Posted to java-user@lucene.apache.org by Kristofer Karlsson <kr...@spotify.com> on 2013/09/05 09:28:29 UTC

Lucene handling of duplicate terms

I have a use case where some of my documents have duplicate terms in
various fields or within the same field.

For an example, I may have a million documents with just the term "foo" in
field A, and one particular document with the term "foo" in both field A
and B, or have two terms "foo" in the same field.

If I search for "foo foo" I would like to filter out all the documents with
only one matching term - is this possible?
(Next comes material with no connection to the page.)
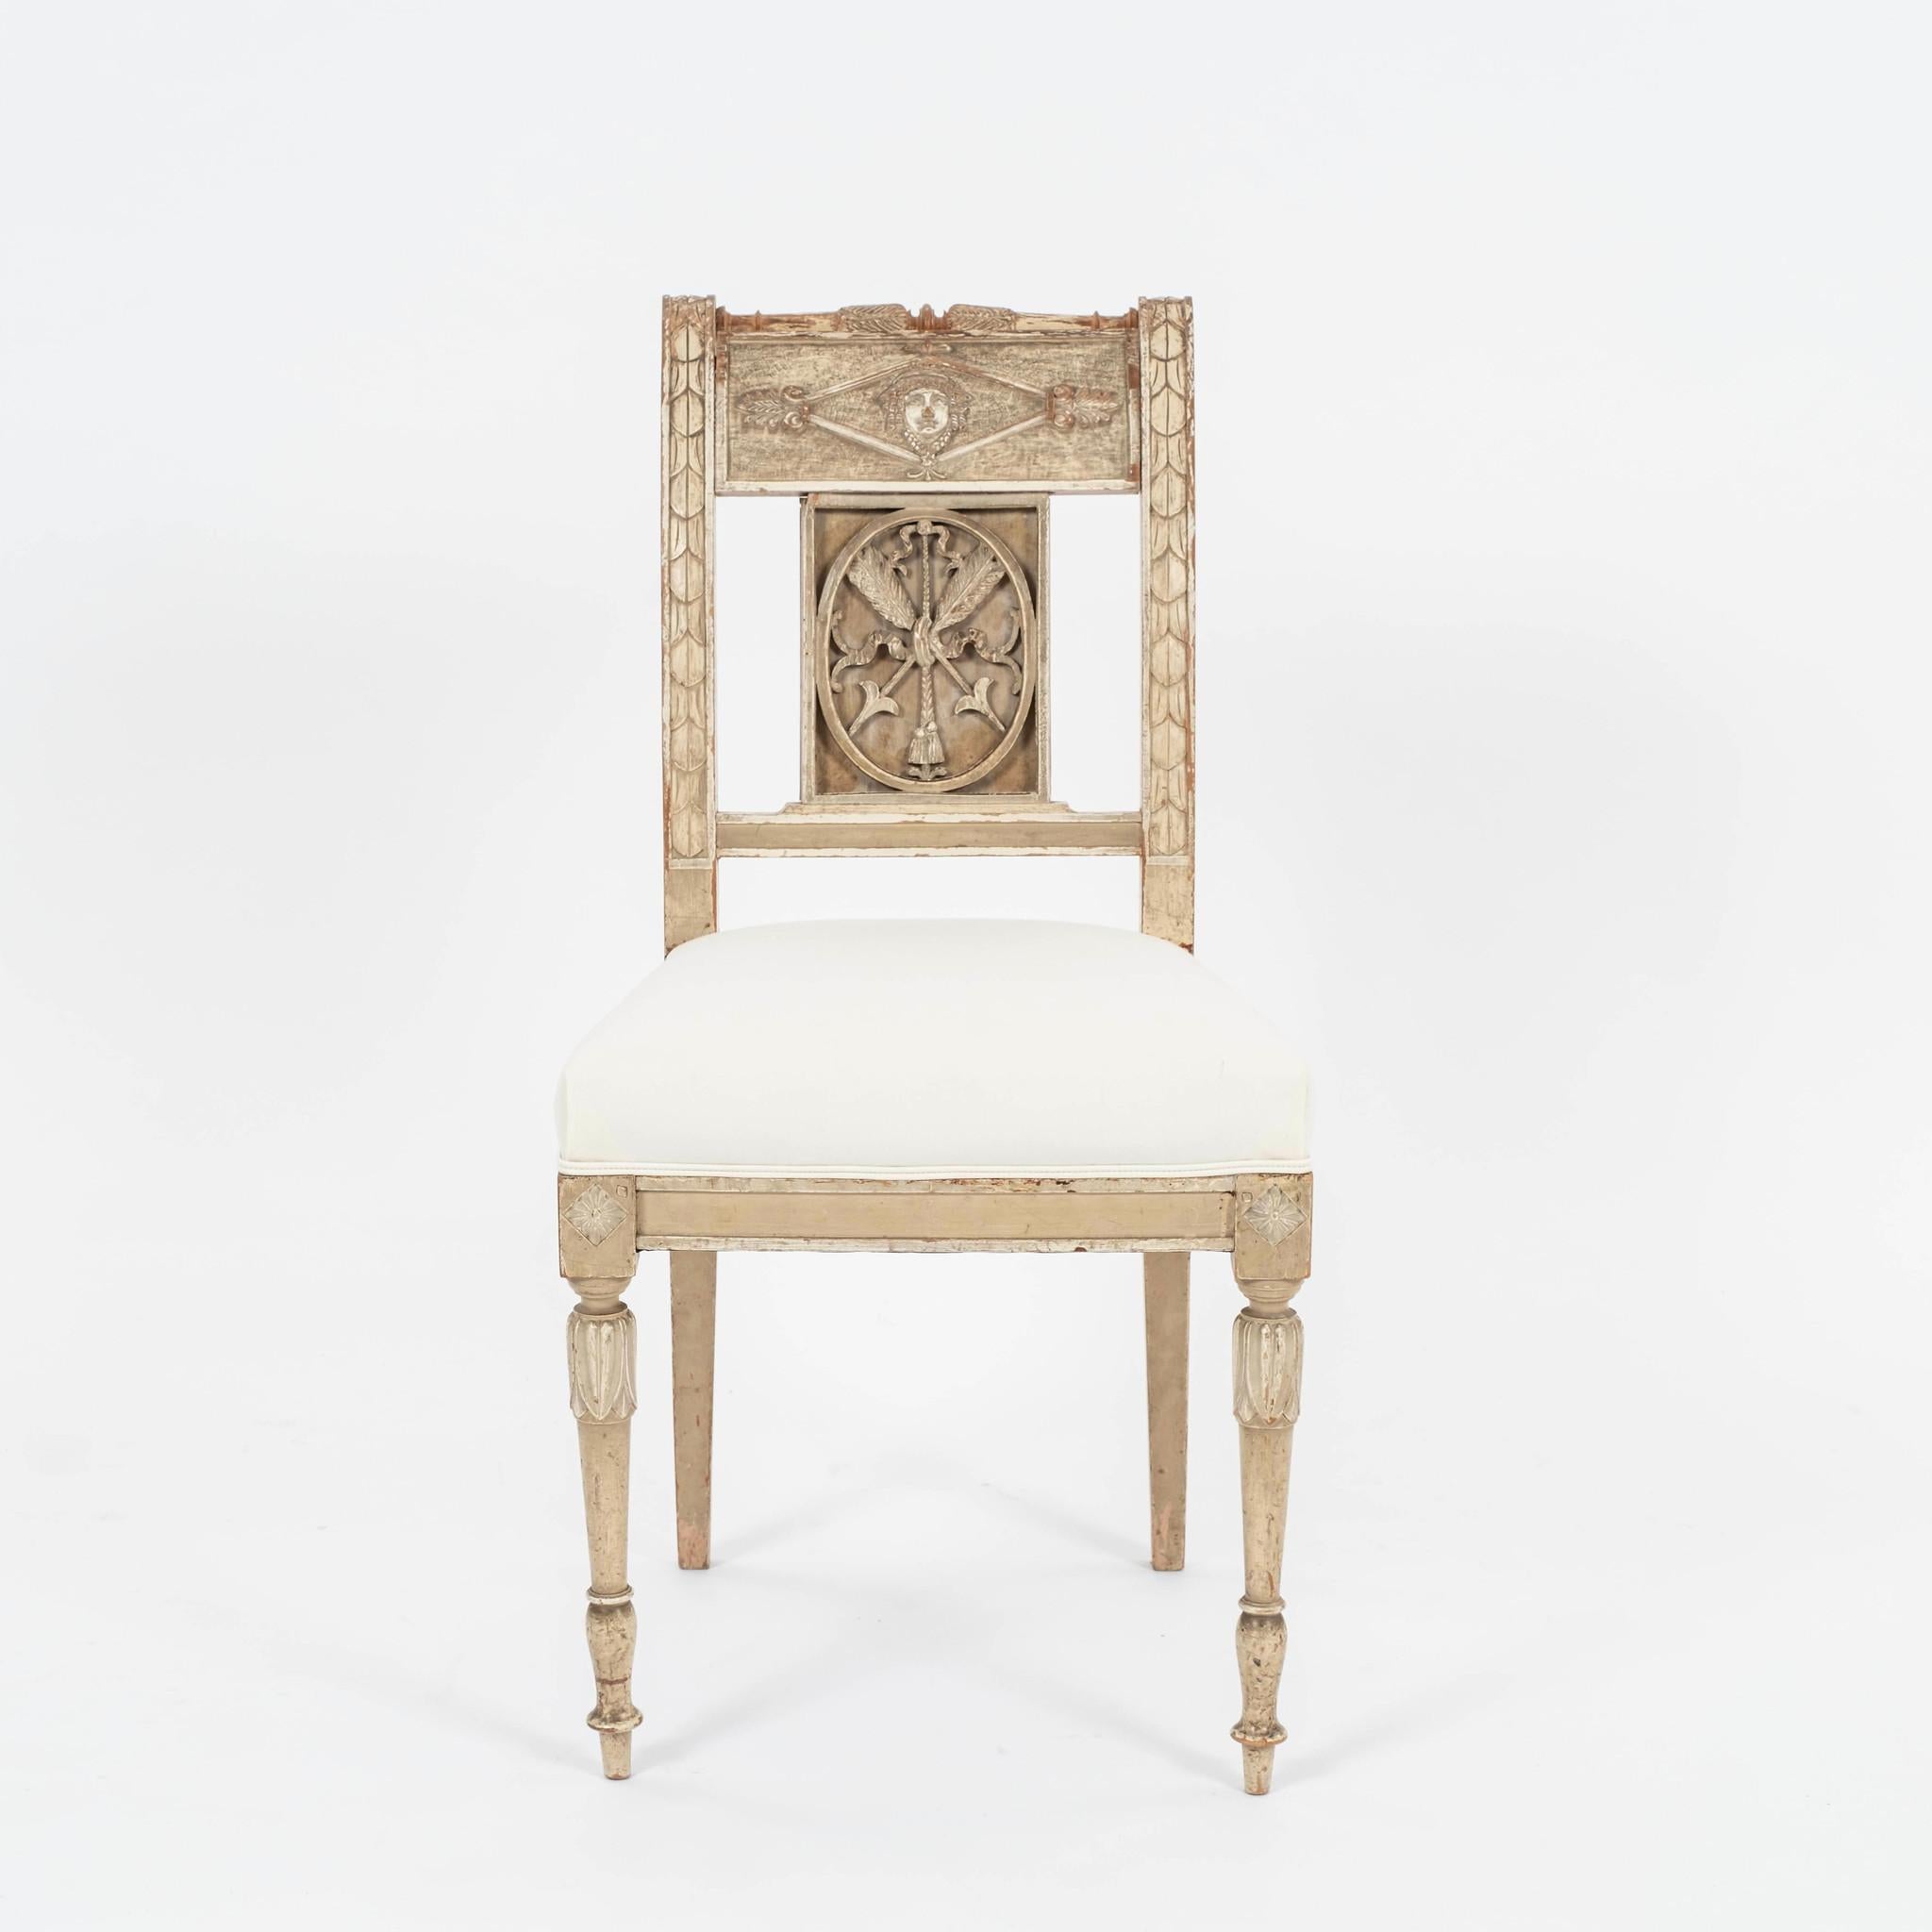 Paar gustavianische Stühle aus dem 18. Jahrhundert: wunderschön geschnitzt, gekratzt und mit außergewöhnlichen klassizistischen Motiven verziert. Neu gepolstert mit Inlett.
Vier Stück verfügbar und paarweise verkauft in diesem Angebot.

Re: Lucene handling of duplicate terms

Posted by Kristofer Karlsson <kr...@spotify.com>.
On Thu, Sep 5, 2013 at 9:46 AM, Adrien Grand <jp...@gmail.com> wrote:

> Hi,
>
> On Thu, Sep 5, 2013 at 9:28 AM, Kristofer Karlsson <kr...@spotify.com>
> wrote:
> > I have a use case where some of my documents have duplicate terms in
> > various fields or within the same field.
> >
> > For an example, I may have a million documents with just the term "foo"
> in
> > field A, and one particular document with the term "foo" in both field A
> > and B, or have two terms "foo" in the same field.
> >
> > If I search for "foo foo" I would like to filter out all the documents
> with
> > only one matching term - is this possible?
>
> I don't think we have existing queries that allow for doing it
> efficiently (if someone reads this and knows it is wrong, please
> correct!). However, it should be doable to implement such a query
> rather easily by iterating over the postings lists of the 'foo' term
> in all the fields you are interested in, suming up frequencies (the
> index must have been created with IndexOptions.DOCS_AND_FREQS or
> higher) and only keeping documents whose sum of frequencies is at
> least 2.
>
> --
> Adrien
>
> Thanks for the quick reply!
So I'd have to manually count each term after tokenizing the search query
and keep a map of term to count. I will definitely try this.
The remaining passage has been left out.